A multi-agent system is a computerized system composed of multiple interacting intelligent agents. Multi-agent systems can solve problems that are difficult or impossible for an individual agent or a monolithic system to solve. Intelligence may include methodic, functional, procedural approaches, algorithmic search or reinforcement learning. Despite considerable overlap, a multi-agent system is not always the same as an agent-based model. The goal of an ABM is to search for explanatory insight into the collective behavior of agents obeying simple rules, typically in natural systems, rather than in solving specific practical or engineering problems. The terminology of ABM tends to be used more often in the science, and MAS in engineering and technology. Applications where multi-agent systems research may deliver an appropriate approach include online trading, disaster response and social structure modelling.
Concept
Multi-agent systems consist of agents and their environment. Typically multi-agent systems research refers to software agents. However, the agents in a multi-agent system could equally well be robots, humans or human teams. A multi-agent system may contain combined human-agent teams.
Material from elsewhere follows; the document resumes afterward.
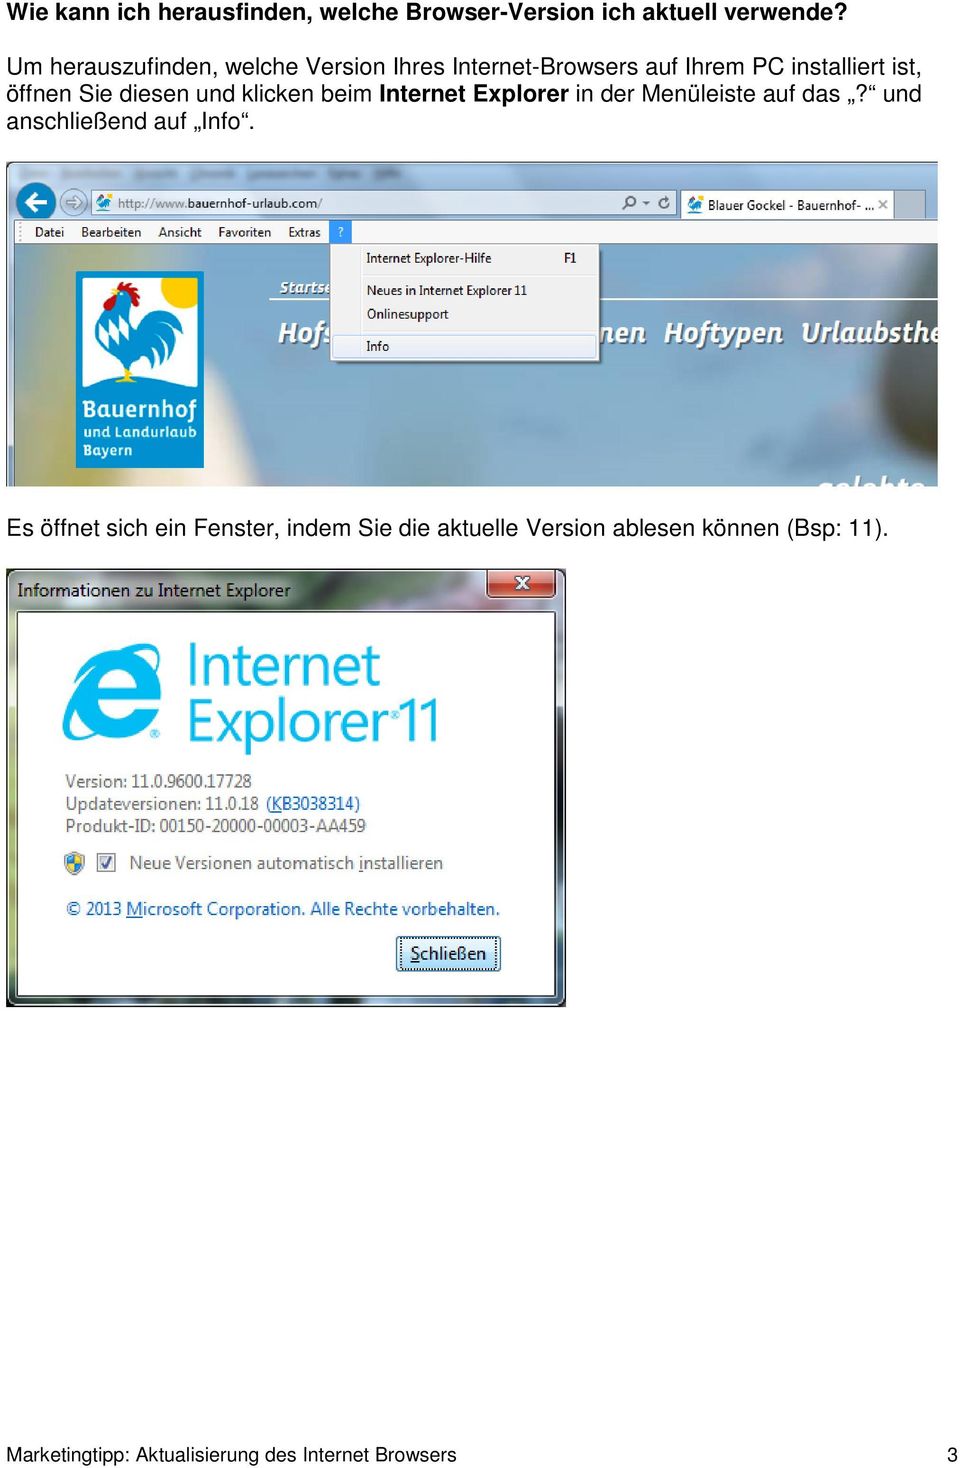 diesen und klicken beim Internet Explorer in der Menüleiste auf das? und anschließend auf Info.

Agents can be divided into types spanning simple to complex. Categories include:
Passive agents or "agent without goals"
Active agents with simple goals
Cognitive agents
Agent environments can be divided into:
Virtual
Discrete
Continuous
Agent environments can also be organized according to properties such as accessibility, determinism, dynamics, discreteness, episodicity, and dimensionality. Agent actions are typically mediated via an appropriate middleware. This middleware offers a first-class design abstraction for multi-agent systems, providing means to govern resource access and agent coordination.
Characteristics
The agents in a multi-agent system have several important characteristics:
Autonomy: agents at least partially independent, self-aware, autonomous
Local views: no agent has a full global view, or the system is too complex for an agent to exploit such knowledge
Decentralization: no agent is designated as controlling
Many MAS are implemented in computer simulations, stepping the system through discrete "time steps". The MAS components communicate typically using a weighted request matrix, e.g. Speed-VERY_IMPORTANT: min=45 mph, Path length-MEDIUM_IMPORTANCE: max=60 expectedMax=40, Max-Weight-UNIMPORTANT Contract Priority-REGULAR and a weighted response matrix, e.g. Speed-min:50 but only if weather sunny, Path length:25 for sunny / 46 for rainy Contract Priority-REGULAR note – ambulance will override this priority and you'll have to wait A challenge-response-contract scheme is common in MAS systems, where
First a "Who can?" question is distributed.
Only the relevant components respond: "I can, at this price".
Finally, a contract is set up, usually in several short communication steps between sides,
also considering other components, evolving "contracts" and the restriction sets of the component algorithms. Another paradigm commonly used with MAS is the "pheromone", where components leave information for other nearby components. These pheromones may evaporate/concentrate with time, that is their values may decrease.
Properties
MAS tend to find the best solution for their problems without intervention. There is high similarity here to physical phenomena, such as energy minimizing, where physical objects tend to reach the lowest energy possible within the physically constrained world. For example: many of the cars entering a metropolis in the morning will be available for leaving that same metropolis in the evening. The systems also tend to prevent propagation of faults, self-recover and be fault tolerant, mainly due to the redundancy of components.
Research
The study of multi-agent systems is "concerned with the development and analysis of sophisticated AI problem-solving and control architectures for both single-agent and multiple-agent systems." Research topics include:
Frameworks have emerged that implement common standards. These frameworks e.g. JADE, save time and aid in the standardization of MAS development. Currently though, no standard is actively maintained from FIPA or OMG. Efforts for further development of software agents in industrial context are carried out in IEEE IES technical committee on Industrial Agents.
Applications
MAS have not only been applied in academic research, but also in industry. MAS are applied in the real world to graphical applications such as computer games. Agent systems have been used in films. It is widely advocated for use in networking and mobile technologies, to achieve automatic and dynamic load balancing, high scalability and self-healing networks. They are being used for coordinated defence systems. Other applications include transportation, logistics, graphics, manufacturing, power system, smartgrids and GIS. Also, Multi-agent Systems Artificial Intelligence are used for simulating societies, the purpose thereof being helpful in the fields of climate, energy, epidemiology, conflict management, child abuse,.... Some organisations working on using multi-agent system models include Center for Modelling Social Systems, Centre for Research in Social Simulation, Centre for Policy Modelling, Society for Modelling and Simulation International.